The long‑standing claim that variability in the human nasal index reflects natural selection is questioned because nasal height is more variable than breadth, yet this ignores the confounding effect of absolute size on variances. The study compares intrinsic variation in nasal height and breadth across 26 mixed‑sex populations worldwide and proposes methods to detect natural selection on nasal form.
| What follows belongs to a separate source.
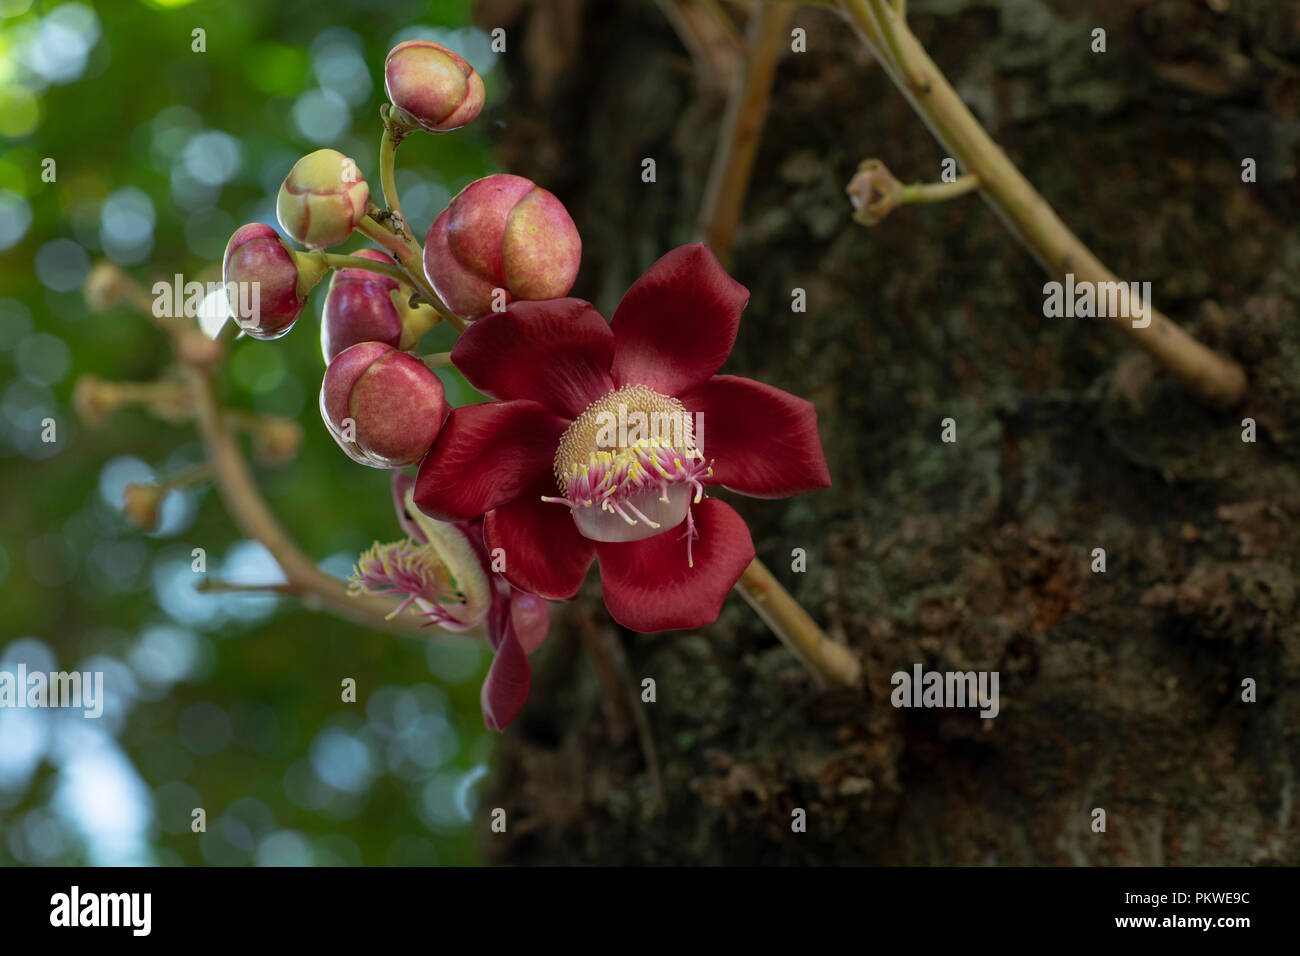 Couroupita guianensis. Flowers and exotic fruits. Common in landscaping of Rio de Janeiro, Brazil. Stock Photo

The authors analyzed 2 × 2 variance–covariance matrices of log‑transformed nasal height and breadth from 2,408 individuals in 26 populations. Tests reveal nasal breadth varies more within populations, breadth and height vary equally among populations, refuting the claim that breadth contributes little to the global nasal index and implying a possible adaptive role.

Abstract

Abstract It has been suggested that the long‐standing association of variability in the human nasal index [100 × (nasal breadth)/(nasal height)] with climatic variation is spurious evidence for natural selection in humans (Hoyme, 1965; St. Hoyme and Iscan, 1989). The argument is based principally on the observation that nasal height is globally more variable than nasal breadth, with nasal breadth thus contributing little to variation in the index. This argument does not take into account the confounding effect of absolute size of these variables on their variances. In this study we compare the intrinsic variation in skeletal nasal height and breadth within and among 26 mixed‐sex populations (N = 2,408) at globally diverse localities (Howells, 1989), using 2 × 2 variance‐covariance matrices of the logarithmically transformed variates. Hypothesis tests for homogeneity of matrices and equalvariance/equal‐covariance indicate that the intrinsic variation in nasal breadth is greater than that for nasal height within populations, and that nasal breadth and nasal height exhibit equivalent intrinsic variation among populations. The argument that nasal breadth contributes little to the worldwide variation in the human nasal index is rejected. Given our present understanding of nasal physiological morpho‐function, these results support, but do not demonstrate, an adaptive role for human nasal index variation. Promising methods for elucidating natural selection on human nasal form are suggested.